The clinical features and pathogenic variants of 16 previously reported cases of MIC-CAP are summarized in Table II and Fig. 2B.
Summary of the patient and 16 previously reported MIC-CAP cases caused by STAMBP mutations.
So far as we know, the present study presented the first case of a Chinese patient affected by refractory epilepsy, microcephaly, severe developmental delay and diffuse cutaneous capillary malformations. These four symptoms were also observed in all of the patients studied in previous reports (100%) (1–8). The patient in the present study also had spastic quadriparesis, without optic atrophy; however, both optic atrophy and spastic quadriparesis were common in previous cases (1–8). Moreover, dyskinesia was more prominent in the present study and was infrequent in previous cases, except in one patient (1). Although the patient in the present study responded well to vigabatrin, the long-term efficacy of the drug could not be evaluated due to the early death of the patient.
A novel compound heterozygous co-segregating mutation in STAMBP [c.1119-1G>T (splicing, exon9, maternal allele) and c.968A>G (p.Gln323Arg, exon7, paternal allele); Fig. 2A] was identified through exome sequencing. The parents of the patient were healthy. The variant frequency of the aforementioned mutation has not been reported in the Chinese Reference Genome Database or any public sequence database, to the best of our knowledge. In silico analysis indicated that this splice site mutation generated aberrant splicing of the STAMBP mRNA, and c.968A>G was also predicted to be pathogenic. Therefore, a definite diagnosis for this patient with MIC-CAP could be made due to the autosomal recessive inheritance patterns, according to the previous reports (1–8).
To date, only 16 cases (11 male and 5 female) from 13 families in 8 ethnic groups have been reported, with 18 different STAMBP mutations (1–8). All the parents were from unrelated families, except for two consanguineous relationships (4–6). A further two patients had causative mutations (c.753_754insT, c.1119-1G>T) (6,8), which have been omitted from the figure as further details of these patients could not be found. In total,~20 STAMBP mutations are listed online without further patient details; therefore, their pathogenicity could not be confirmed (ClinVar).

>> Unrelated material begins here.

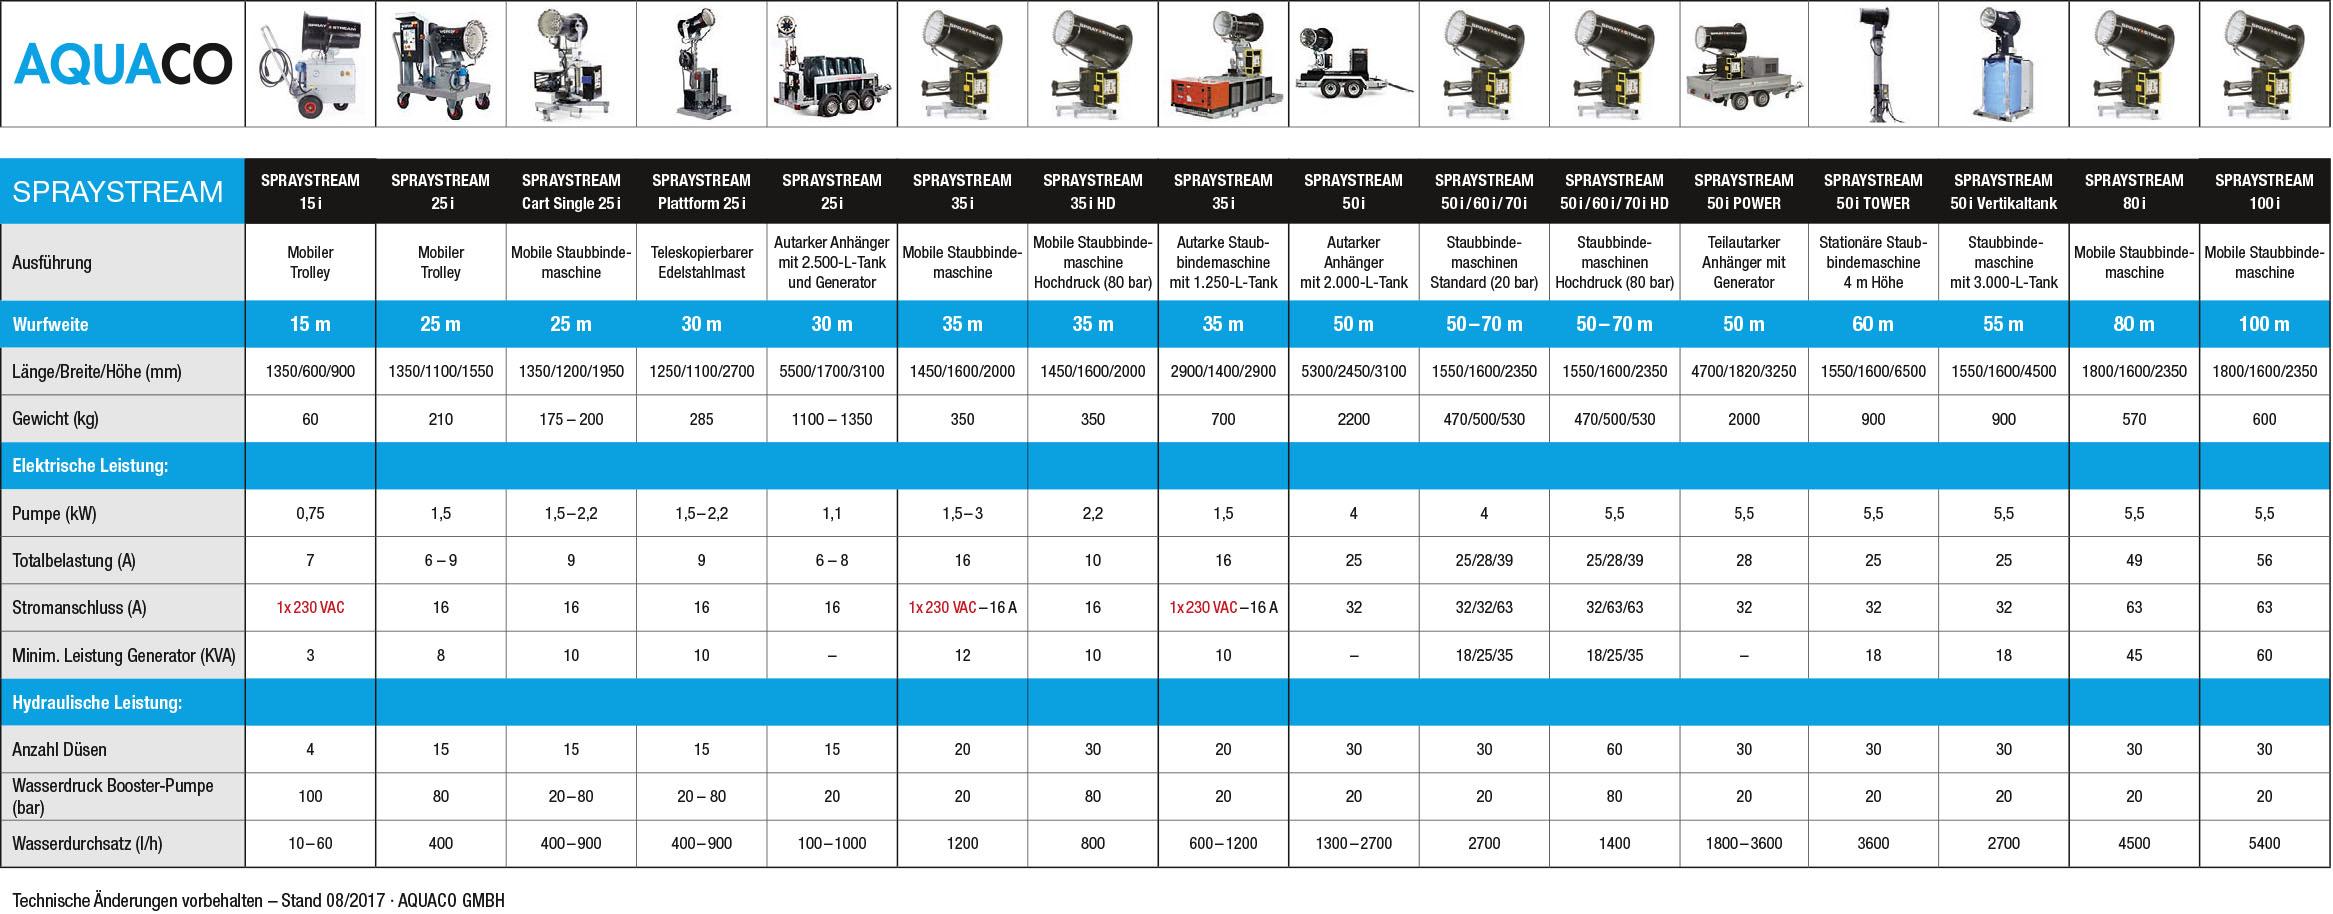 Aquaco Staubbindemaschinen – Maschinentabelle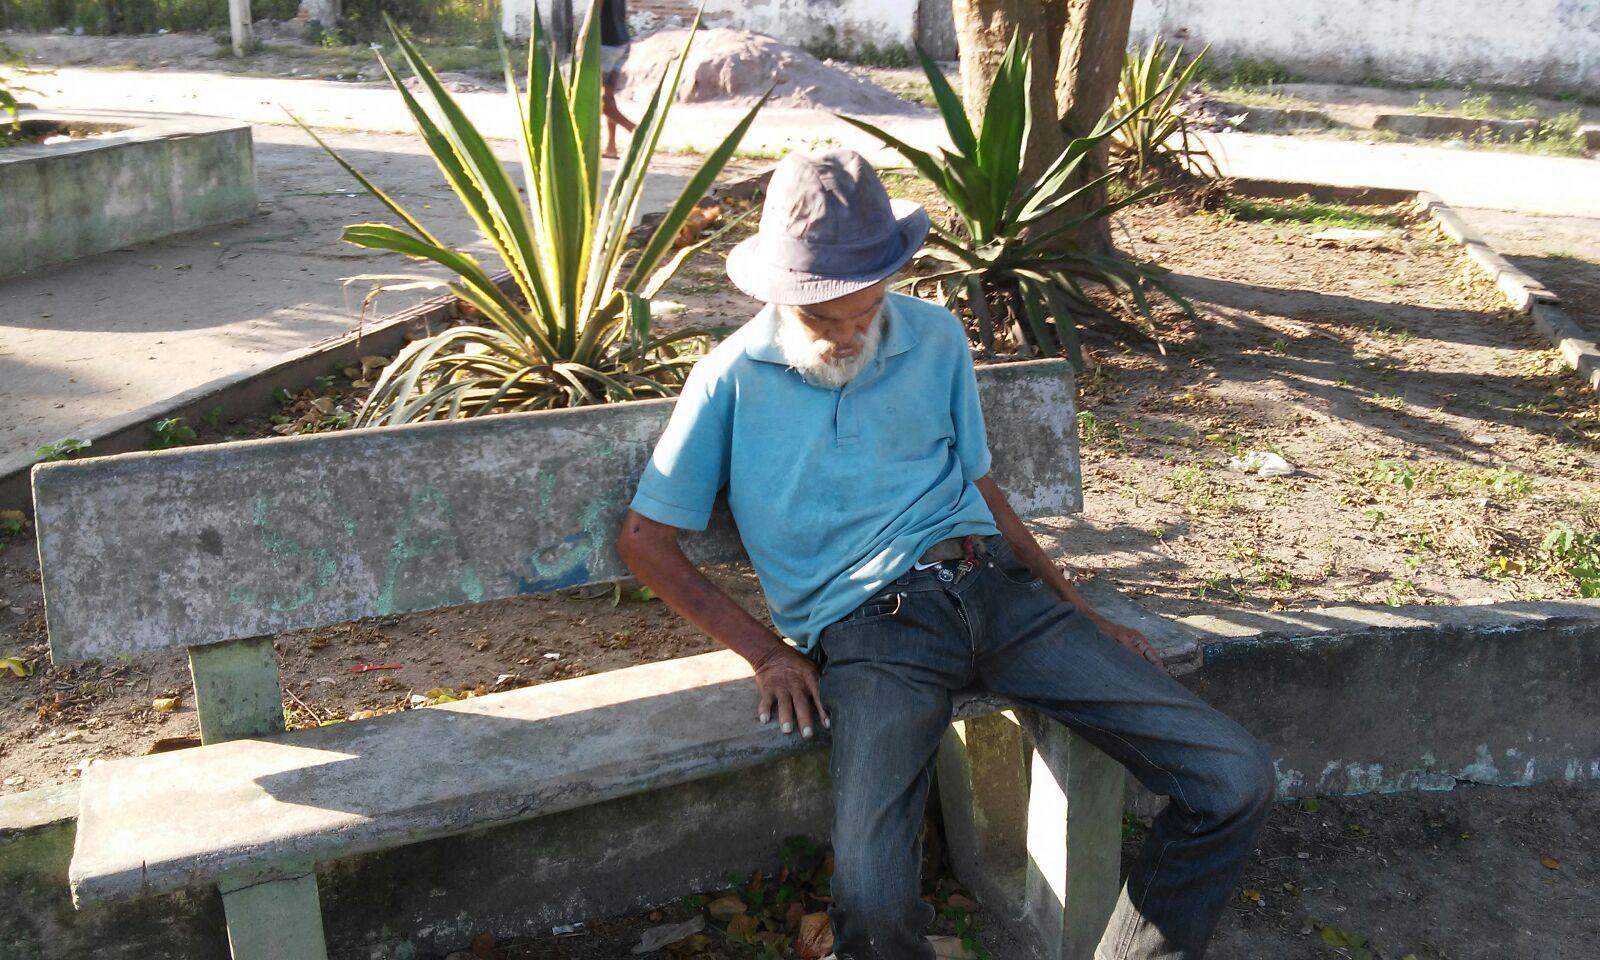 Idoso é encontrado morto sentado em banco de praça em Girau  #3A7491 1600x960 Banco Para Banheiro De Idoso

In conclusion, to the best of our knowledge, the present study reported the first case of a Chinese patient with refractory epilepsy as an initial symptom of MIC-CAP. Additionally, novel pathogenic compound heterozygosity of the STAMBP was identified. The results of the present study may improve understanding of STAMBP mutations and ethnic background in cases MIC-CAP.
The present study was supported in part by a grant from the Children's Hospital of Chongqing Medical University for Special Project on Difficult and Rare Diseases (grant no. HJYN2013-4).
Availability of data and materials
The datasets used and/or analyzed during the present study are available from the corresponding author on reasonable request.
FW, YD, YW and MZ conceived and designed the study, and analyzed the data; JW, MC, XL, PY, SL and LJ collected the clinical information; JC and LY performed the EEG analysis; FW, YD and MZ prepared the manuscript. All authors read and approved the final manuscript.
Ethics approval and consent to participate
Ethical approval for the present study was obtained from the Institutional Review Board, Children's Hospital of Chongqing Medical University (grant no. 2018-64).
Patient consent for publication
Informed consent was obtained from the parents of the patient.
The authors declare that they have no competing interests.